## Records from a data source
───
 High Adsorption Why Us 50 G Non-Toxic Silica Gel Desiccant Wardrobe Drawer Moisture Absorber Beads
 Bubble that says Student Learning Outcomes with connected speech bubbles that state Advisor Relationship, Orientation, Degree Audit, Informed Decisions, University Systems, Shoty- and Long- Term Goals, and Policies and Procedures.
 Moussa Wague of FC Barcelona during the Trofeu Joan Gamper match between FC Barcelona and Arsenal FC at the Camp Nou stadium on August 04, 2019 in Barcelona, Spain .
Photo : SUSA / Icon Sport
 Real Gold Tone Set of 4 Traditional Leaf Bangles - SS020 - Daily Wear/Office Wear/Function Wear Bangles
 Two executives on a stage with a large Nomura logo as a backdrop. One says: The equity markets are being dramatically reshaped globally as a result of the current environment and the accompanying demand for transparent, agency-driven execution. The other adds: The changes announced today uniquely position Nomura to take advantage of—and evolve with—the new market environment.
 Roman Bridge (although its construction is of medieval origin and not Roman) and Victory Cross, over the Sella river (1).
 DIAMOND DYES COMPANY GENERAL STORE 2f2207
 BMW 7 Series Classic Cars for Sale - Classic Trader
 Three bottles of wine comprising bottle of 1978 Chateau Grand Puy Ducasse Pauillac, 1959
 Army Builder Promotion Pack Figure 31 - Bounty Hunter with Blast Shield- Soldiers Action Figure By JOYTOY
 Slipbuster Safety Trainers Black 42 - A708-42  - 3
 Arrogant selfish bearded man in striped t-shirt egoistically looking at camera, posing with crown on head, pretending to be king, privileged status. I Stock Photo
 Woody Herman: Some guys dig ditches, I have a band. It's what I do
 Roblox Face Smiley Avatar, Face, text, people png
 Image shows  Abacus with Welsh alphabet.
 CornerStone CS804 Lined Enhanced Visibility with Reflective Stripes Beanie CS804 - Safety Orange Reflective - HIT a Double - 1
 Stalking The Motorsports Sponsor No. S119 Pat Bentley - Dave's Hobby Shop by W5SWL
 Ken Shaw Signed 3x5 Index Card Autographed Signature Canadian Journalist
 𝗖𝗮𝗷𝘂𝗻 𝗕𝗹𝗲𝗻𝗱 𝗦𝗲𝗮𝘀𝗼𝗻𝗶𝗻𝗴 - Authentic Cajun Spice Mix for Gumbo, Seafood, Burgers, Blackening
───
## ASSIGNMENT
A word-for-word copy of the entries, from the first line through the line containing "Three bottles of", is the whole answer.

## ANSWER BELOW
 High Adsorption Why Us 50 G Non-Toxic Silica Gel Desiccant Wardrobe Drawer Moisture Absorber Beads
 Bubble that says Student Learning Outcomes with connected speech bubbles that state Advisor Relationship, Orientation, Degree Audit, Informed Decisions, University Systems, Shoty- and Long- Term Goals, and Policies and Procedures.
 Moussa Wague of FC Barcelona during the Trofeu Joan Gamper match between FC Barcelona and Arsenal FC at the Camp Nou stadium on August 04, 2019 in Barcelona, Spain .
Photo : SUSA / Icon Sport
 Real Gold Tone Set of 4 Traditional Leaf Bangles - SS020 - Daily Wear/Office Wear/Function Wear Bangles
 Two executives on a stage with a large Nomura logo as a backdrop. One says: The equity markets are being dramatically reshaped globally as a result of the current environment and the accompanying demand for transparent, agency-driven execution. The other adds: The changes announced today uniquely position Nomura to take advantage of—and evolve with—the new market environment.
 Roman Bridge (although its construction is of medieval origin and not Roman) and Victory Cross, over the Sella river (1).
 DIAMOND DYES COMPANY GENERAL STORE 2f2207
 BMW 7 Series Classic Cars for Sale - Classic Trader
 Three bottles of wine comprising bottle of 1978 Chateau Grand Puy Ducasse Pauillac, 1959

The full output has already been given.